TASK PROMPT
Using the listing below, copy exactly the lines from the one containing "Modway Outdoor Loungers" to the one containing "FACC is celebrating", both lines included, and no others.

[INFORMATION SUPPLIED Boundary: Start]

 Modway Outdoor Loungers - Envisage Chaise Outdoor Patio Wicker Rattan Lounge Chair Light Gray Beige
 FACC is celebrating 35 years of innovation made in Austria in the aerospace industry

[INFORMATION SUPPLIED Boundary: End]
[INFORMATION SUPPLIED Boundary: Start]

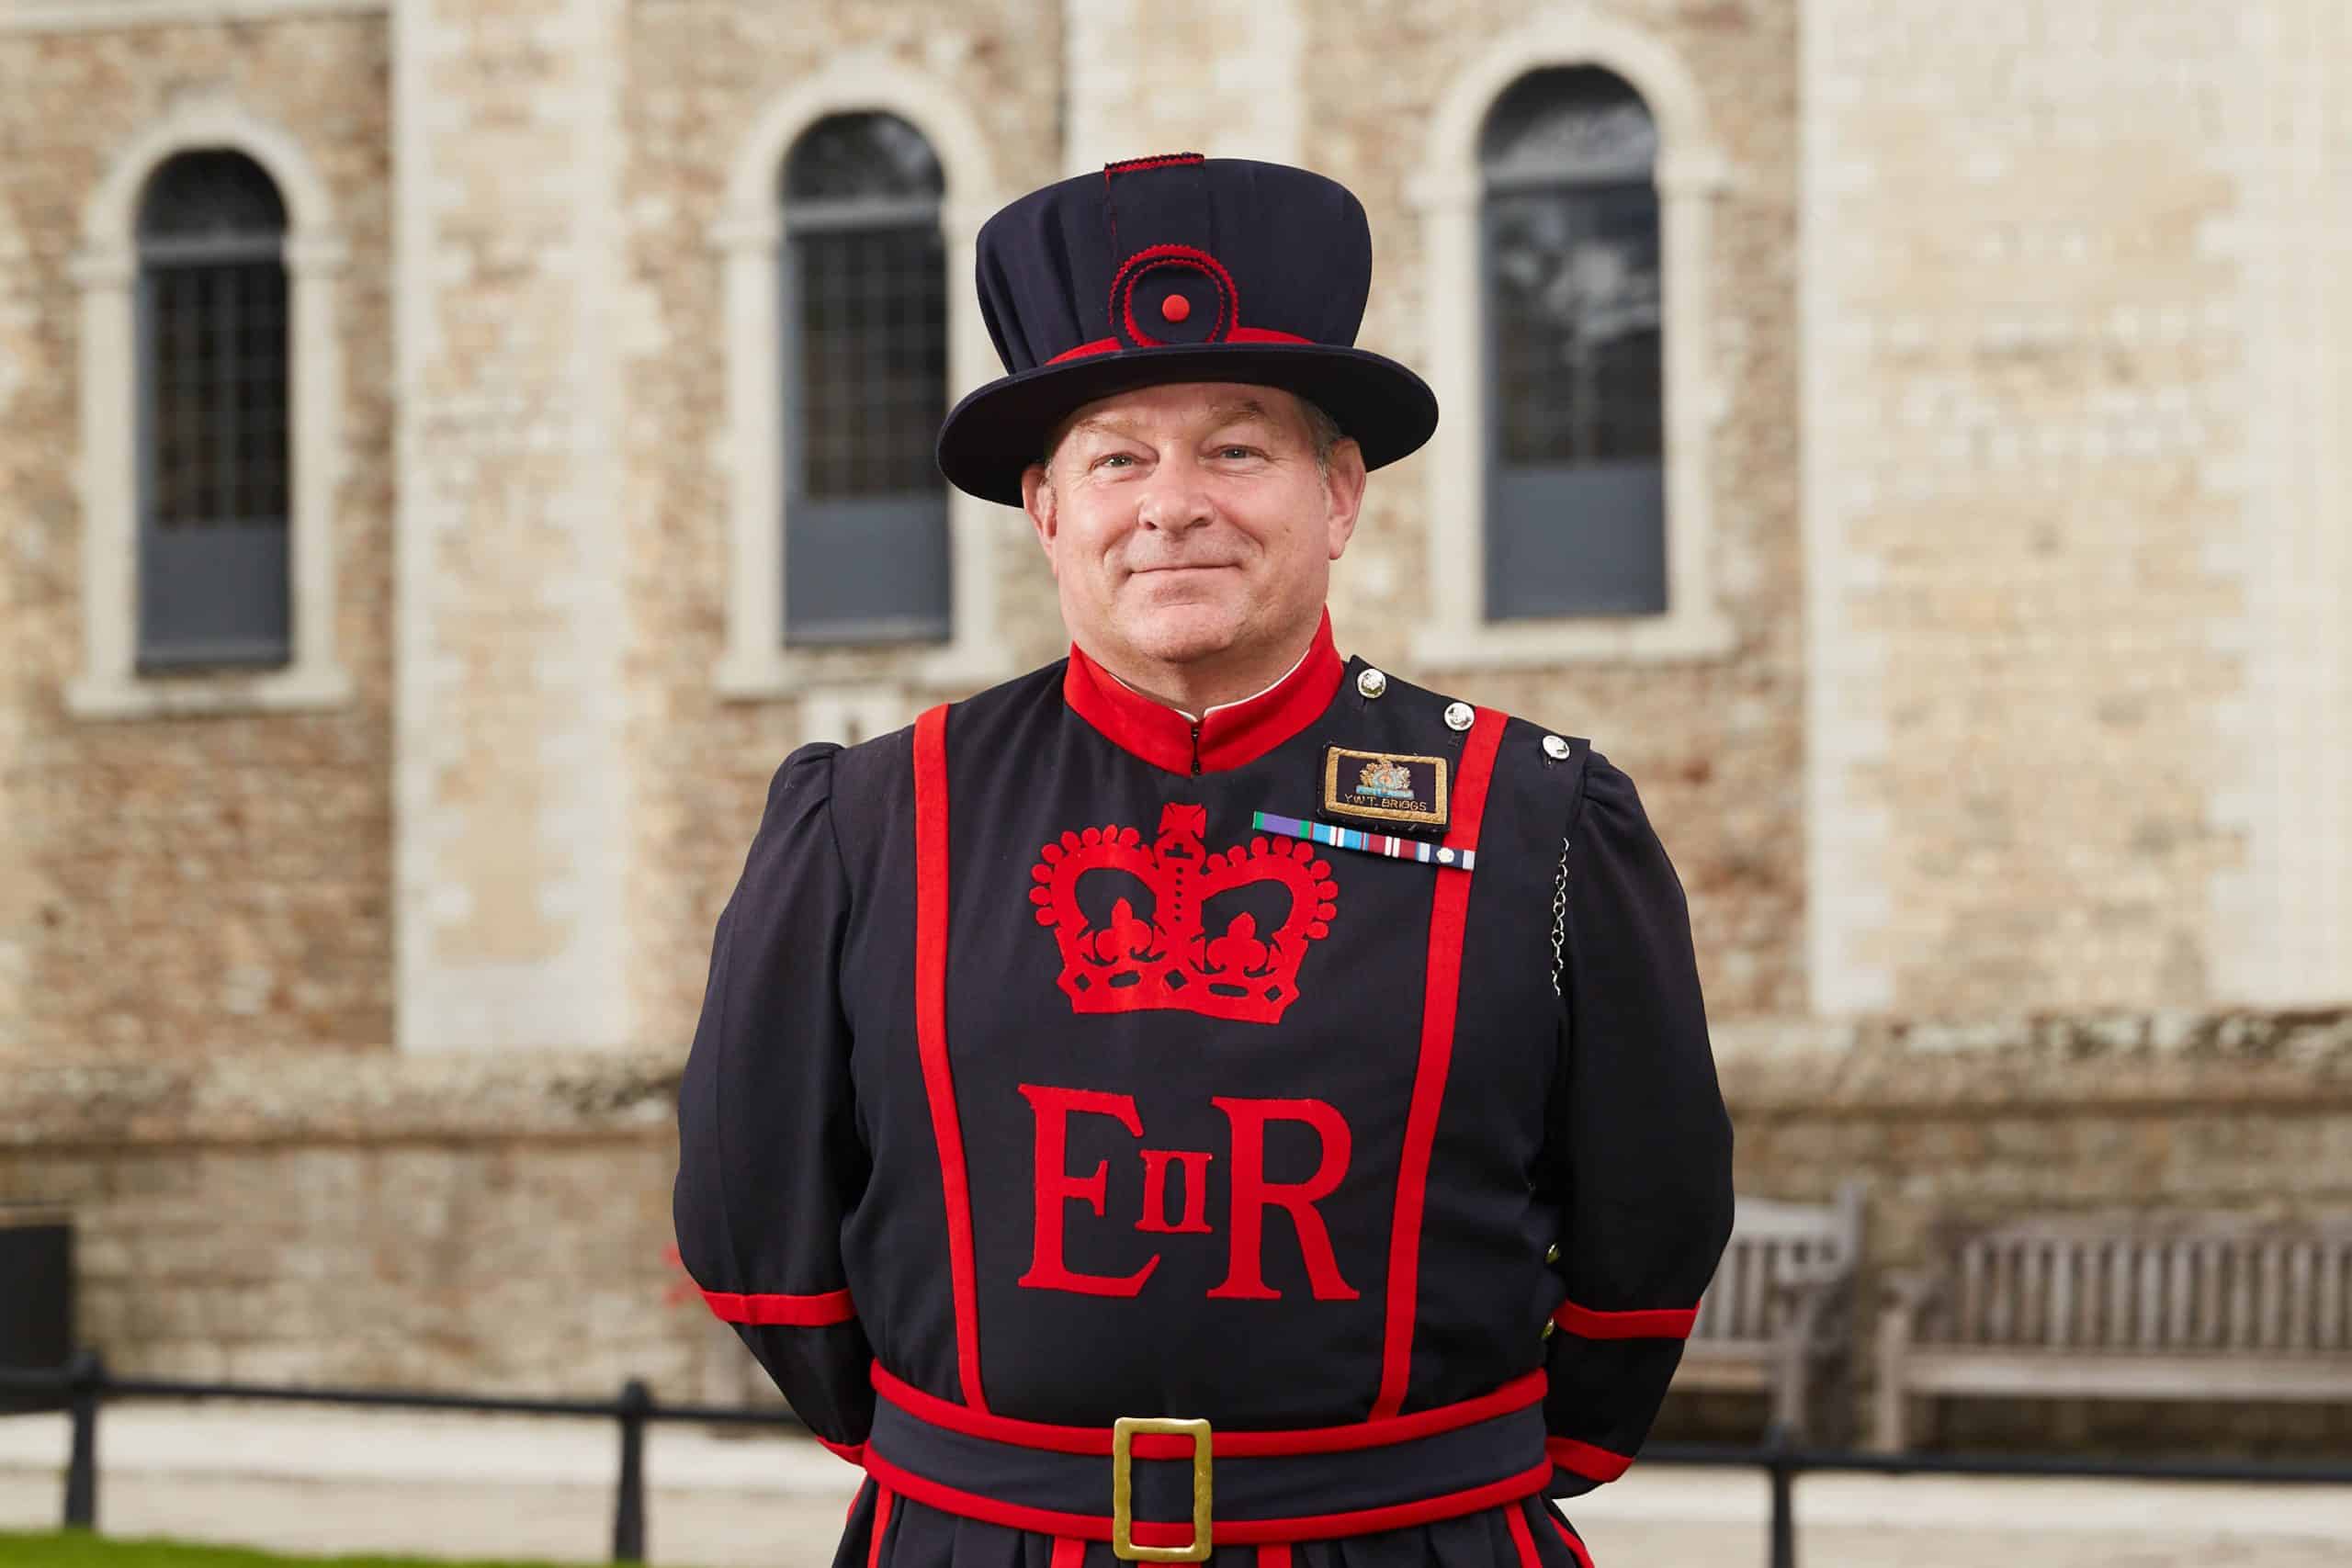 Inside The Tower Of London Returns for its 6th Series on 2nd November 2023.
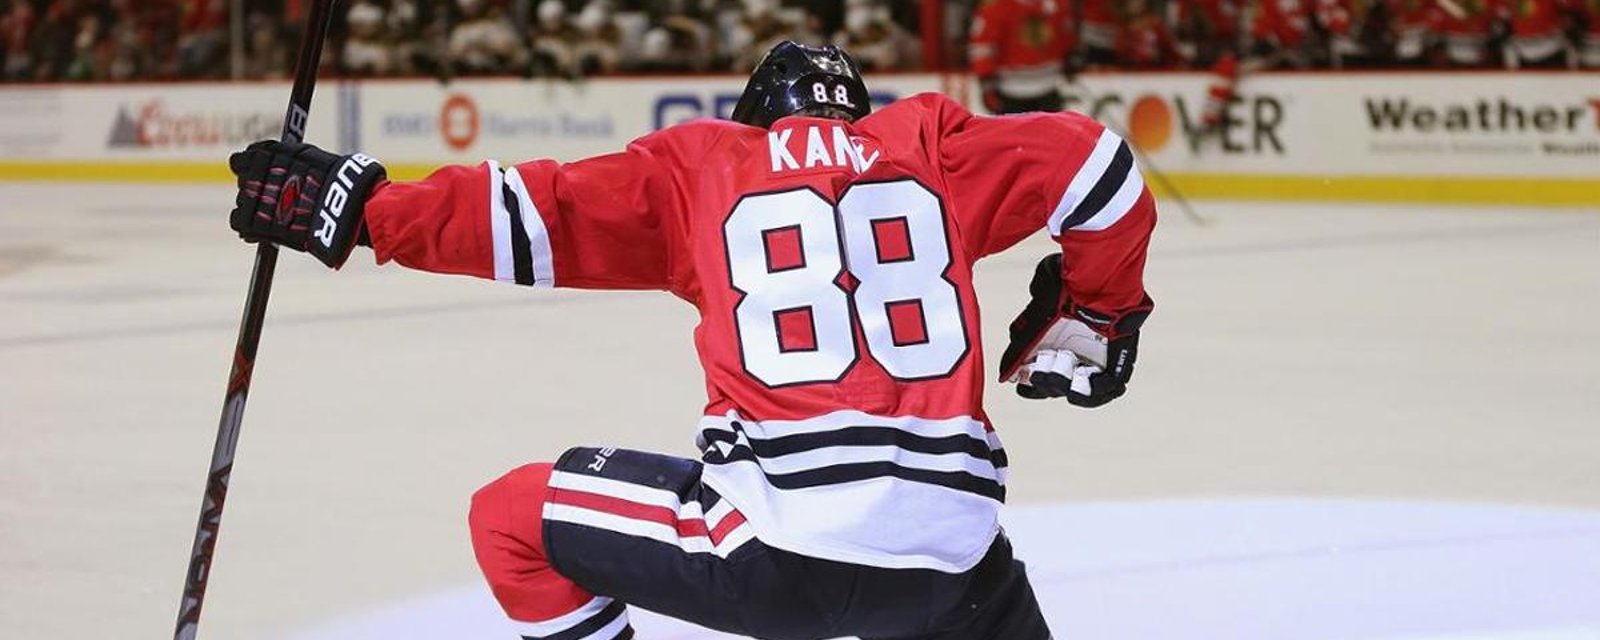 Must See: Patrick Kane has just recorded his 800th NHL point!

[INFORMATION SUPPLIED Boundary: End]

SOLUTION
 Modway Outdoor Loungers - Envisage Chaise Outdoor Patio Wicker Rattan Lounge Chair Light Gray Beige
 FACC is celebrating 35 years of innovation made in Austria in the aerospace industry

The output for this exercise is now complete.